The Practice of Right Speech
By Thich Nhat Hanh from For a Future to Be Possible,.

Unless we look deeply into ourselves, this practice will not be easy. If there is a lot of suffering in you, it is difficult to listen to other people or to say nice things to them. First you have to look deeply into the nature of your anger, despair, and suffering to free yourself, so you can be available to others. Suppose your husband said something unkind on Monday and it hurt you. He used unmindful speech and does not have the ability to listen. If you reply right away out of your anger and suffering, you risk hurting him and making his suffering deeper. What should you do? If you suppress your anger or remain silent, that can hurt you, because if you try to suppress the anger in you, you are suppressing yourself.

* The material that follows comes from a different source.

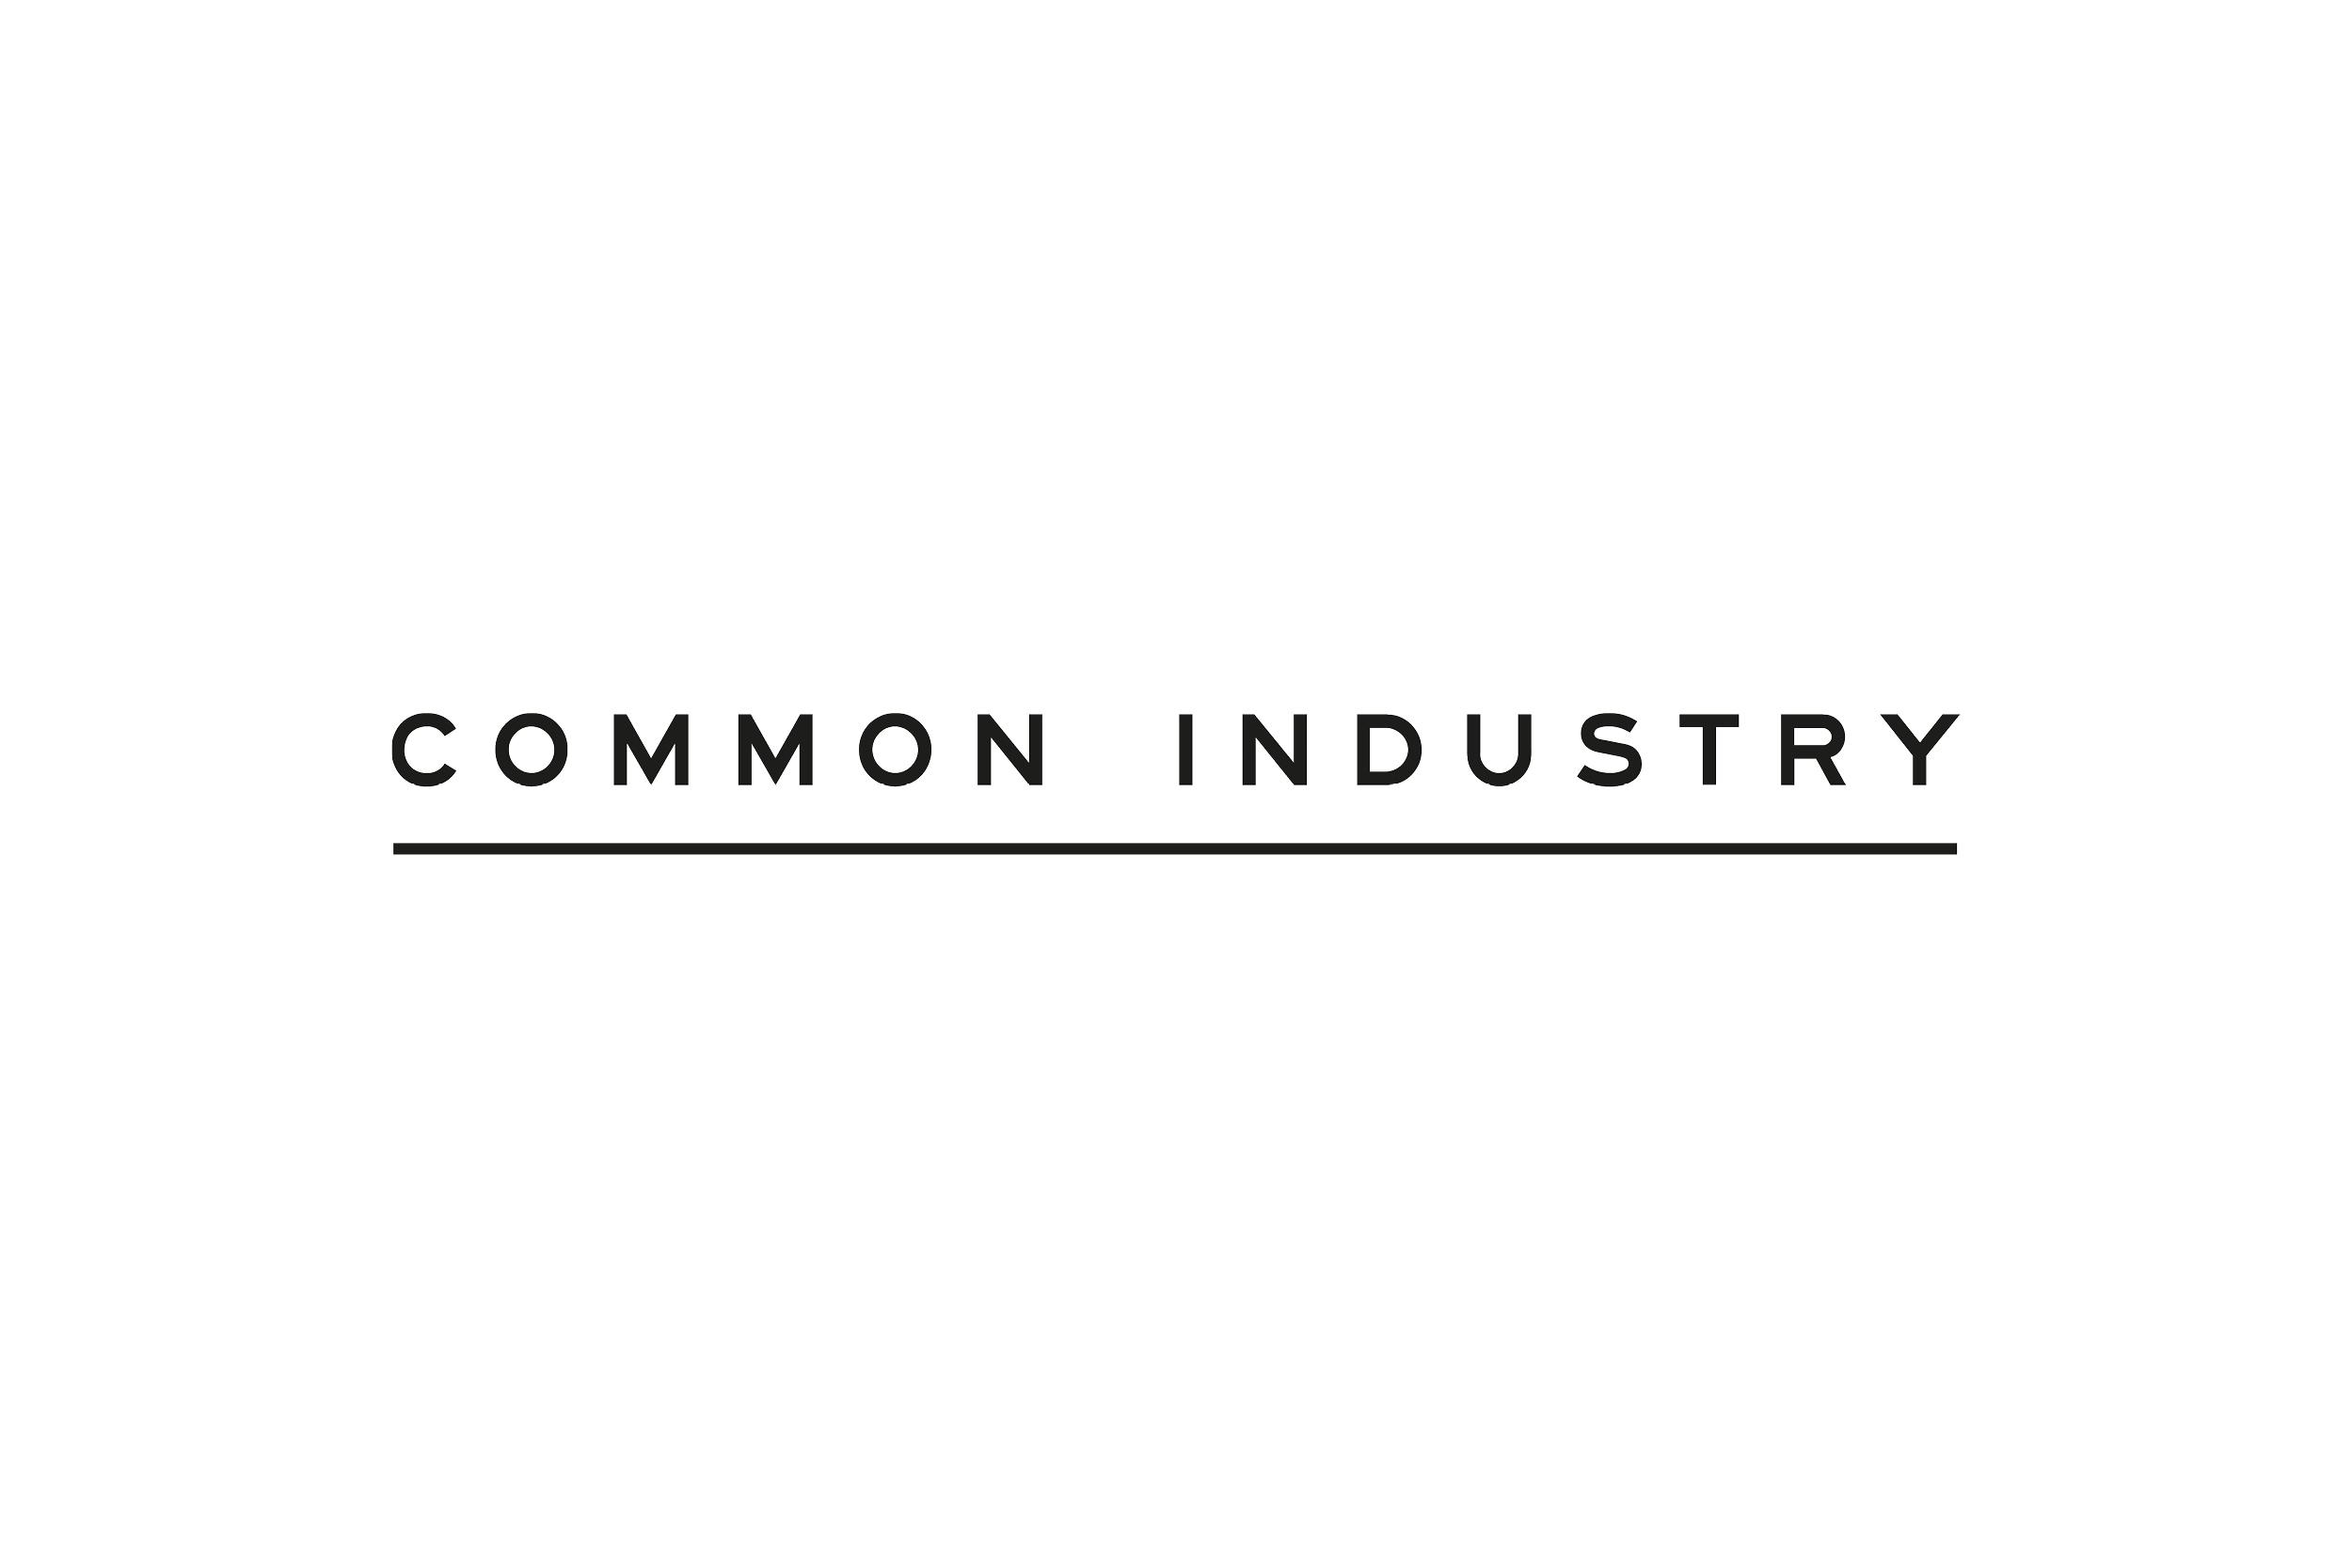 Common Industry
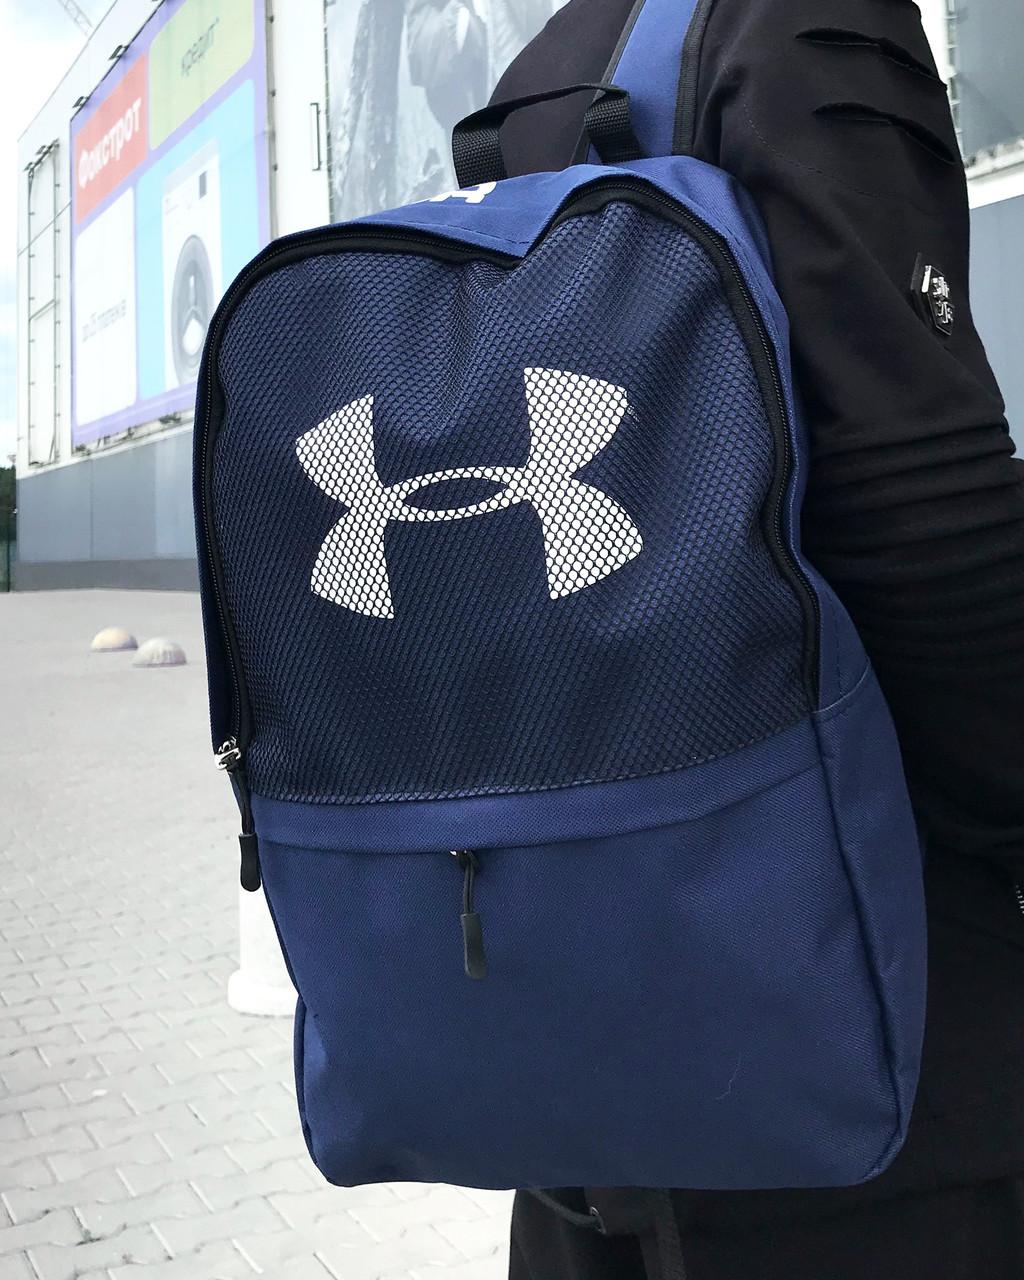 Мужской рюкзак в стиле Under Armour темно-синий

You will suffer later, and your suffering will bring more suffering to your partner.

The best immediate practice is to breathe in and out in order to calm your anger, to calm the pain: “Breathing in, I know that I am angry. Breathing out, I calm my feeling of anger.” Just by breathing deeply on your anger, you will calm it. You are being mindful of your anger, not suppressing it. When you are calm enough, you may be able to use mindful speech. In a loving and mindful way, you can say, “Darling, I would like you to know that I am angry. What you just said hurt me a lot, and I want you to know that.” Just saying that, mindfully and calmly, will give you some relief. Breathing mindfully to calm your anger, you will be able to tell the other person that you are suffering. During that moment, you are living your anger, touching it with the energy of mindfulness. You are not denying it at all.

. . . After you breathe in and out a number of times to recover your calmness, even if your anger is still there, you are mindful of it, and you can tell the other person that you are angry. You can also tell him that you would like to look deeply into it, and you would like him to look deeply into it also. Then you can make an appointment . . . to look at it together. One person looking at the roots of your suffering is good, two people looking at it is better, and two people looking together is best.